**Problem description**: As an exercise in exact copying, transcribe the lines below from the one holding "新価格◆◎2点セット! フランス彫刻家 Patrick" through the last, with both ends included and pictures left out.

**Data**:
= = = =
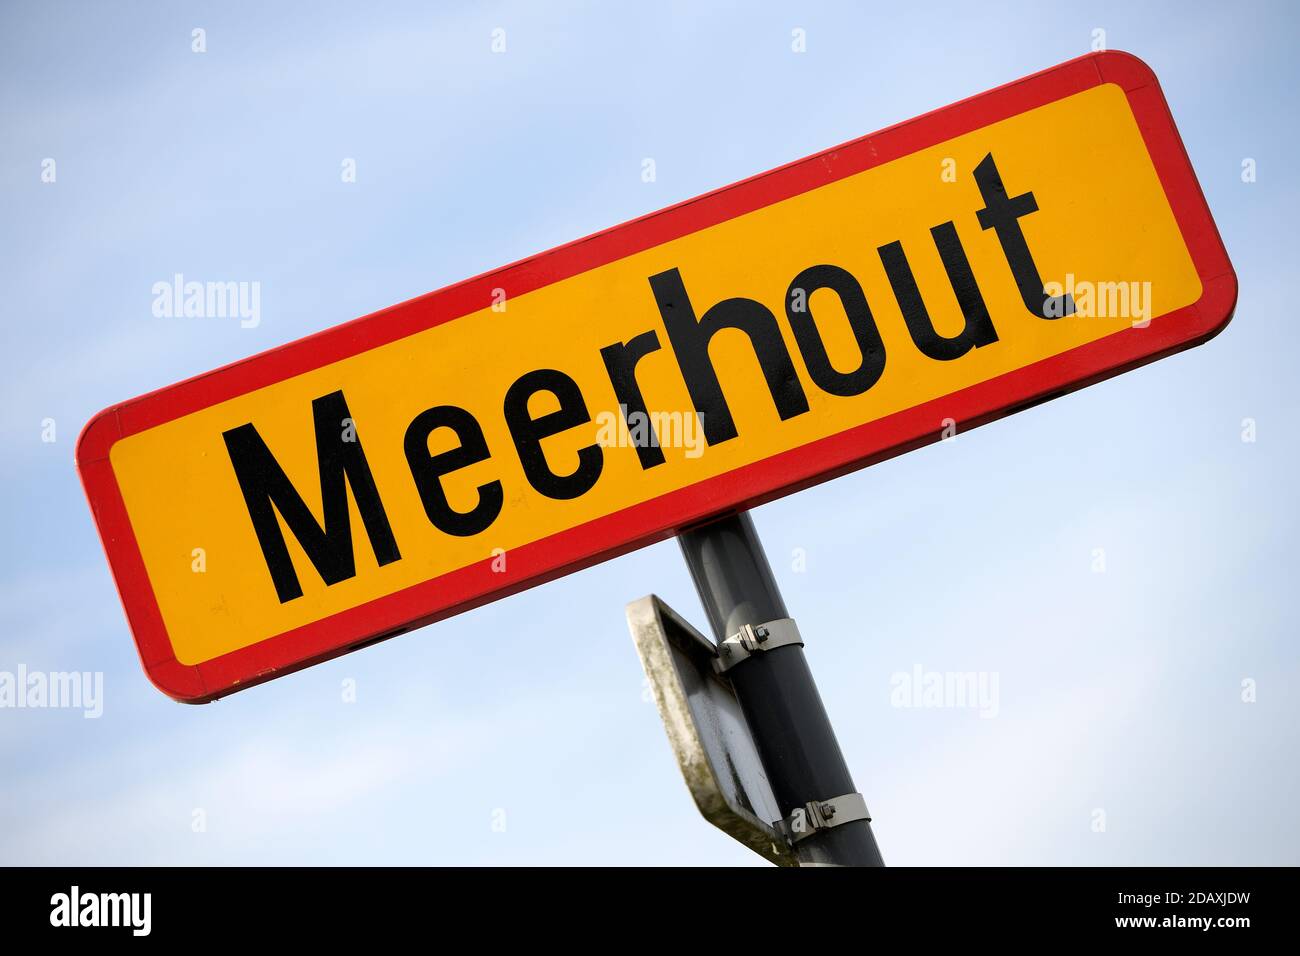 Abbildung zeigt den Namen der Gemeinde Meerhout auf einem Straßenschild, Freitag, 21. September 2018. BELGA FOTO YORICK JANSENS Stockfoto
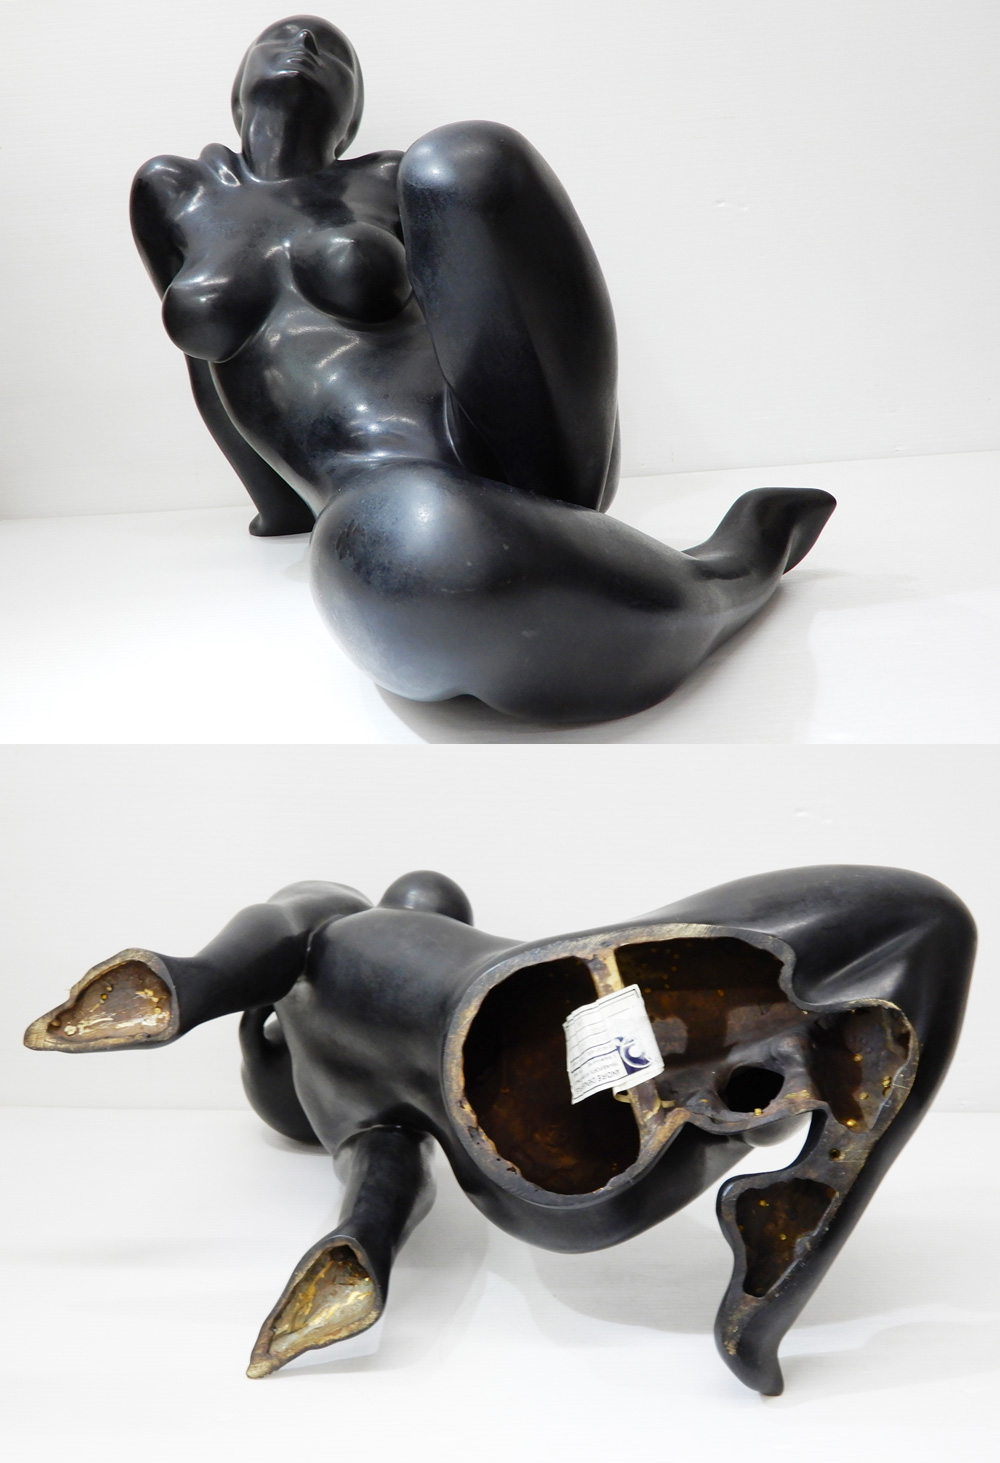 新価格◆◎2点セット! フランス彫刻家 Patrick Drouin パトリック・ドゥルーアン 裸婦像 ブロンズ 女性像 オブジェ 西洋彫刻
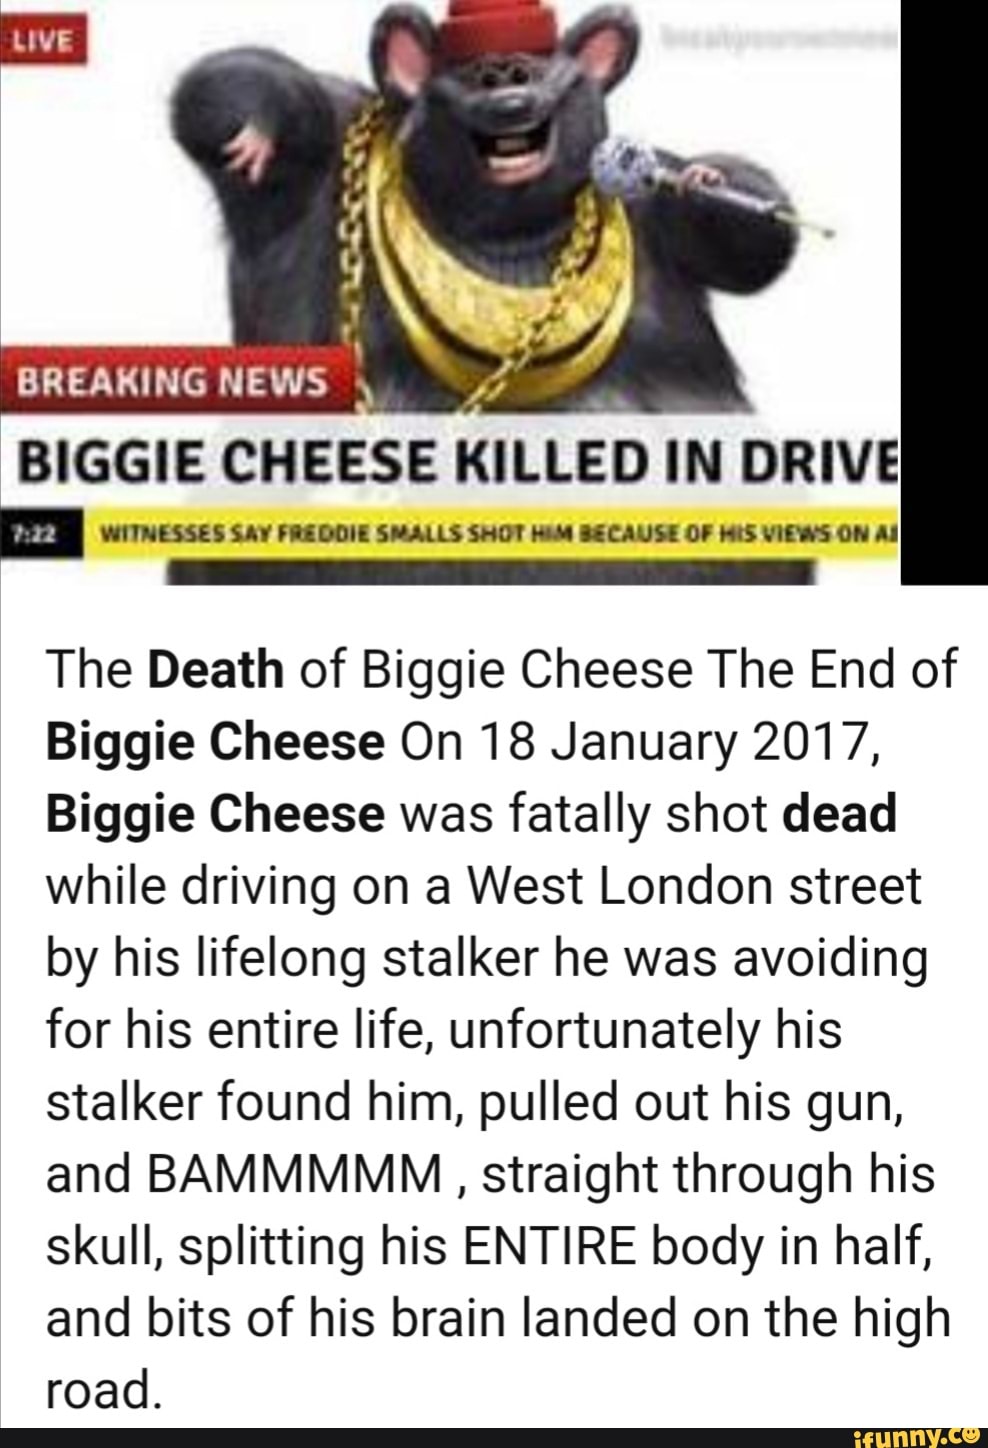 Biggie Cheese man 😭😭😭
= = = =
**Output**:
 新価格◆◎2点セット! フランス彫刻家 Patrick Drouin パトリック・ドゥルーアン 裸婦像 ブロンズ 女性像 オブジェ 西洋彫刻
 Biggie Cheese man 😭😭😭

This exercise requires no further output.